Families and groups of friends spent the holiday on picnics and gatherings that spelled the end of summer but Labor Day forex news on the financial front do not leave much cause for celebration. Labor figures remain at the 8% levels, still several notches up from where the US government wants it to be. But, employment experts still assert that there are certain industries that continue to offer job opportunities for those who are qualified. Particularly cited for job viability are the healthcare services and the technology and information services industries. Despite this hopeful projection for the job market, Labor Day forex news showed the USD shedding particularly as against the European currencies EUR and GBP.
Labor Day forex news reported that the USD ended the week at 1.2574 EUR/USD and at 1.5865 GBP/USD. Although enjoying a slight uptick against the USD, the EUR faces its own challenges as mixed signals manifest in the region. The region reported similar skyrocketing jobless rates as the US, quoting a new high of 11.3% as at end of July. Inflation rates are also 2.6% higher in August for the Eurozone region. Analysts and policy makers at the European Central Bank (ECB) are still at a quandary as to how to address this various issues to support currency prices and to keep the region’s economic problems from worsening.
The decline of the USD as reported in Labor Day forex news, experts believe, can still be corrected given certain assertions from the Feds on more concrete plans to further stir economic growth. The Jackson Hole central banker symposium that everyone has been waiting for was supposed to have shed light on the government’s plans particularly for the third round of Quantitative Easing as part of the stimulus package of the Feds. Ben Bernanke’s much-awaited speech, however, failed to give a commitment as to whether the QE will indeed be rolled out and when it will be implemented. Bernanke stated that he is in favor of such an economic stimulus but failed to reveal anything more. He also expressed concern about the immediate need to address the nation’s unemployment problems.

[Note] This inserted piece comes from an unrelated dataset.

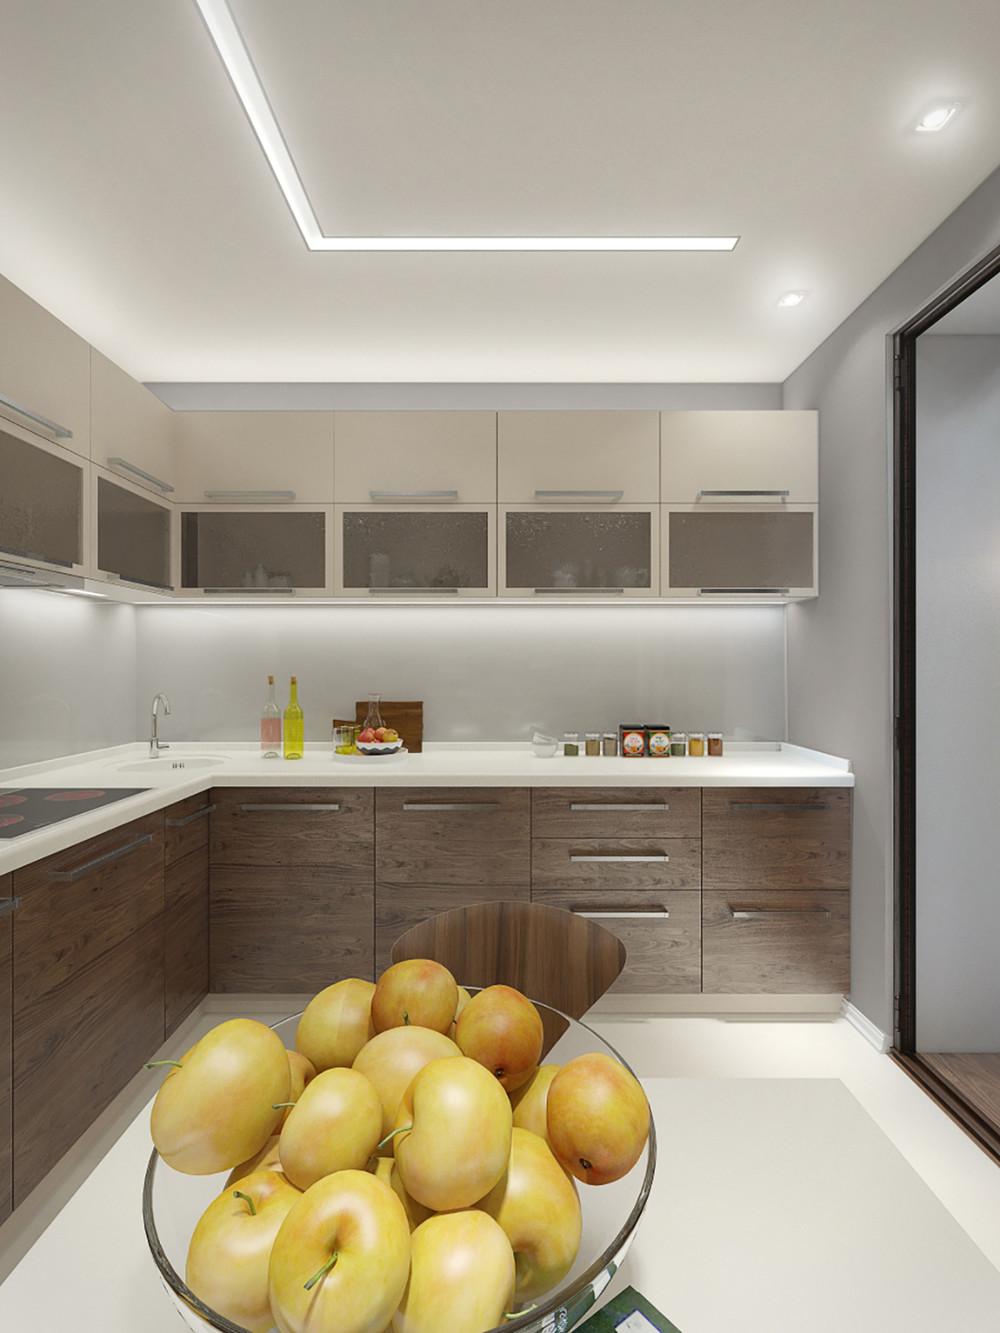 dvustaen-apartament-s-moderen-i-praktichen-interior-v-moskva-58-m-5

Germany is likewise seeing a continued rise in its unemployment figures with a five-month increase in its jobless statistics. This presents some vulnerability on EUR prices, as does the uncertainty in Spain’s bailout. This notwithstanding, indications are strong that investor confidence is still high with bond prices in Spain and Italy showing an uptrend. An absentee at the Jackson Hole symposium, ECB president Mario Draghi remains steadfast in his position that all measures will be exhausted to keep the Eurozone from crashing. Through these mixed signals, prices of the EUR and the USD are fluctuating wildly on various periods.

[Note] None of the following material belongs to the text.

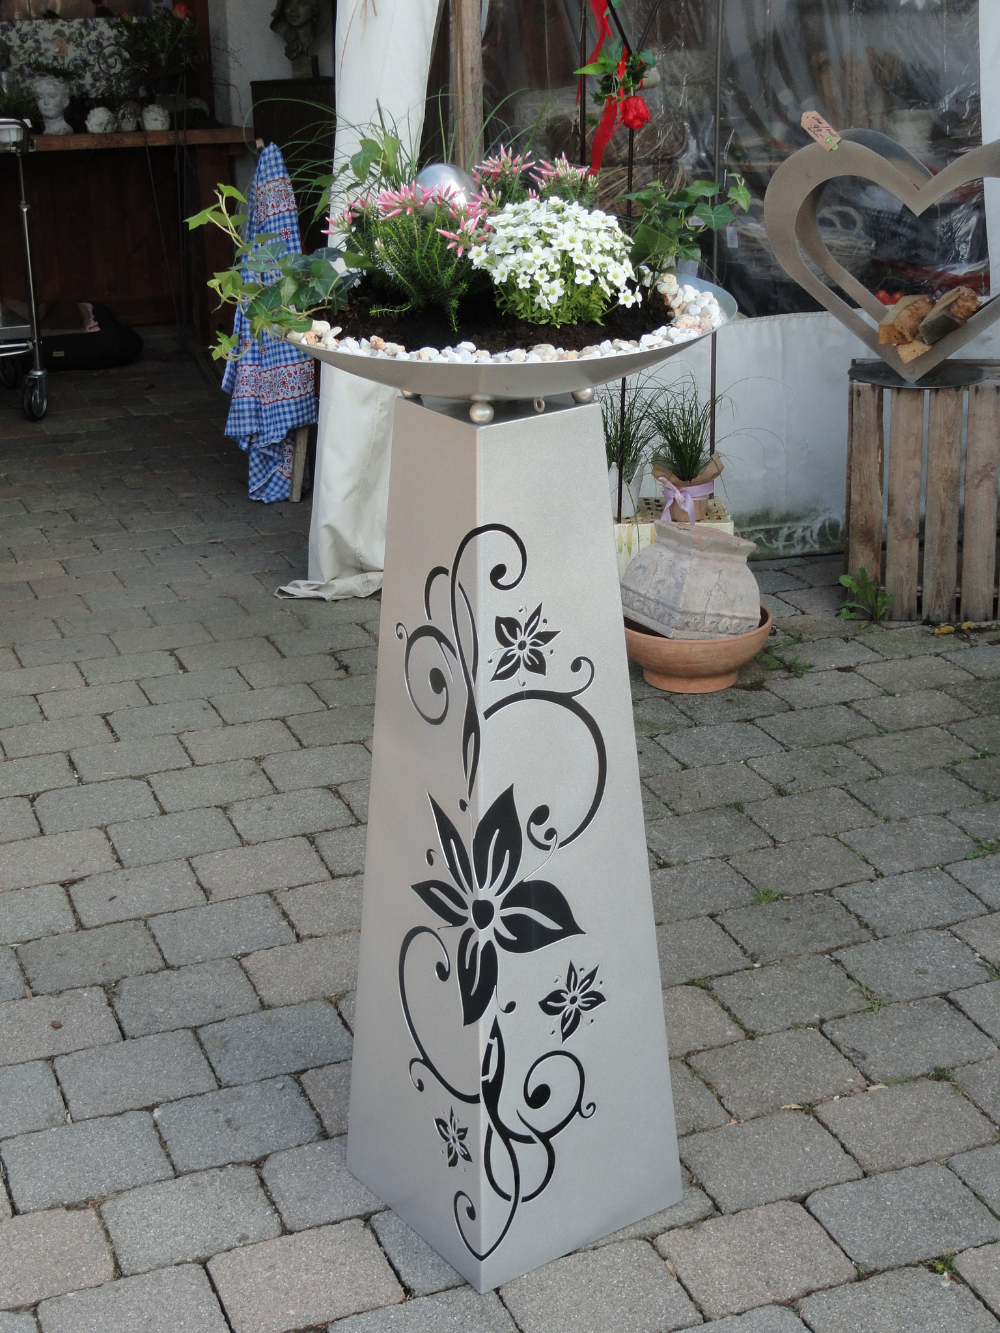 Saule Blume In Der Farbe Silber Brillant Schale Direkt Bepflanzt Gartendeko Von Franz Und Karin 84155 Aich Niederaich Pflanzschale Pflanzen Blumenschale

Labor Day forex news reports put eyes watching the EUR/USD currency pair closely as various parallel economic conditions and fiscal policies come into play. Intraday figures show both currencies fighting to hold their position amidst the speculations and adverse market conditions. Until concrete action and clear implementing guidelines are issued to address the various economic problems faced by the US and the Eurozone, trading will be a test of resilience for both the USD and the EUR.